Objectives Widespread clinical use of MRI radiomic tumor profiling for prognostication and treatment planning in cancers faces major obstacles due to limitations in standardization of radiomic features. The purpose of the current work was to assess the impact of different MRI scanning- and normalization protocols for the statistical analyses of tumor radiomic data in two patient cohorts with uterine endometrial- (EC) (n = 136) and cervical (CC) (n = 132) cancer.

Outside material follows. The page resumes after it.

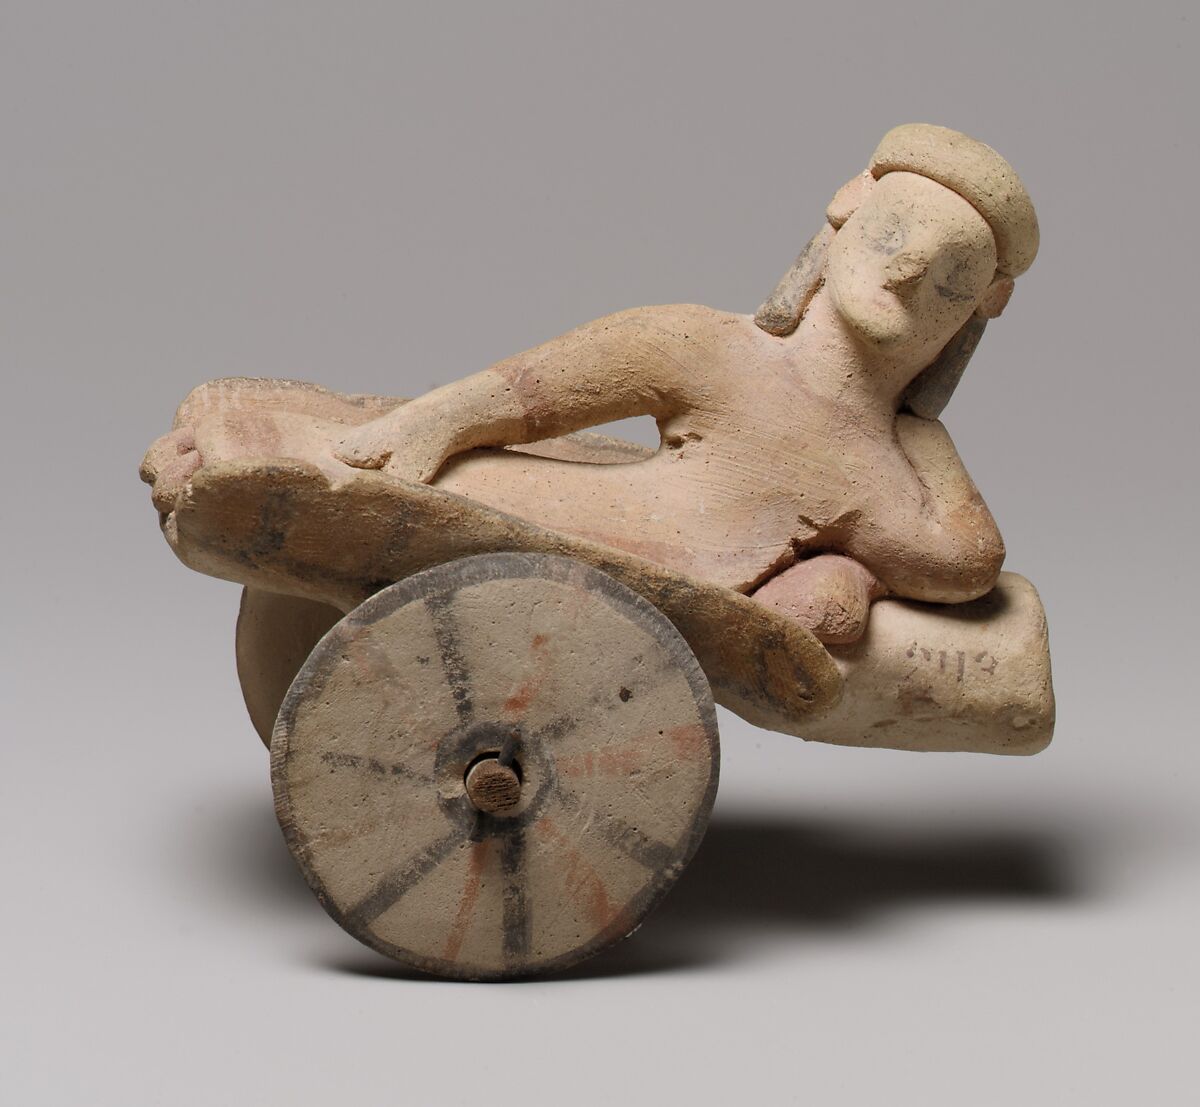 Model of a cart with a human figure, Terracotta, Cypriot

Material and methods 1.5 T and 3 T, T1-weighted MRI 2 minutes post-contrast injection, T2-weighted turbo spin echo imaging, and diffusion-weighted imaging were acquired. Radiomic features were extracted from within manually segmented tumors in 3D and normalized either using z-score normalization or a linear regression model (LRM) accounting for linear dependencies with MRI acquisition parameters. Patient clustering into two groups based on radiomic profile. Impact of MRI scanning parameters on cluster composition and prognostication by cluster groups were analyzed using Kruskal-Wallis tests, Kaplan-Meier plots, log-rank test and random survival forest time-dependent area under curve (tdAUC) (α = 0.05). Results A large proportion of the radiomic features was statistically associated with MRI scanning protocol in both cohorts (EC: 162/385 [42%]; CC: 180/292 [62%]). A substantial number of EC (49/136 [36%]) and CC (50/132 [38%]) patients changed cluster when clustering was performed after z-score- versus LRM normalization. Prognostic modeling based on cluster groups yielded similar outputs for the two normalization methods in the EC/CC cohorts (log-rank test; z-score: p = 0.02/0.33; LRM: p = 0.01/0.45). Mean tdAUC for prognostic modeling of disease-specific survival (DSS) by the radiomic features in EC/CC was similar for the two normalization methods (random survival forest; z-score: mean tdAUC = 0.77/0.78; LRM: mean tdAUC = 0.80/0.75). Conclusions Severe biases in tumor radiomics data due to MRI scanning parameters exist. Z-score normalization does not eliminate these biases, whereas LRM normalization effectively does. Still, radiomic cluster groups after z-score- and LRM normalization were associated with similar DSS in EC and CC patients.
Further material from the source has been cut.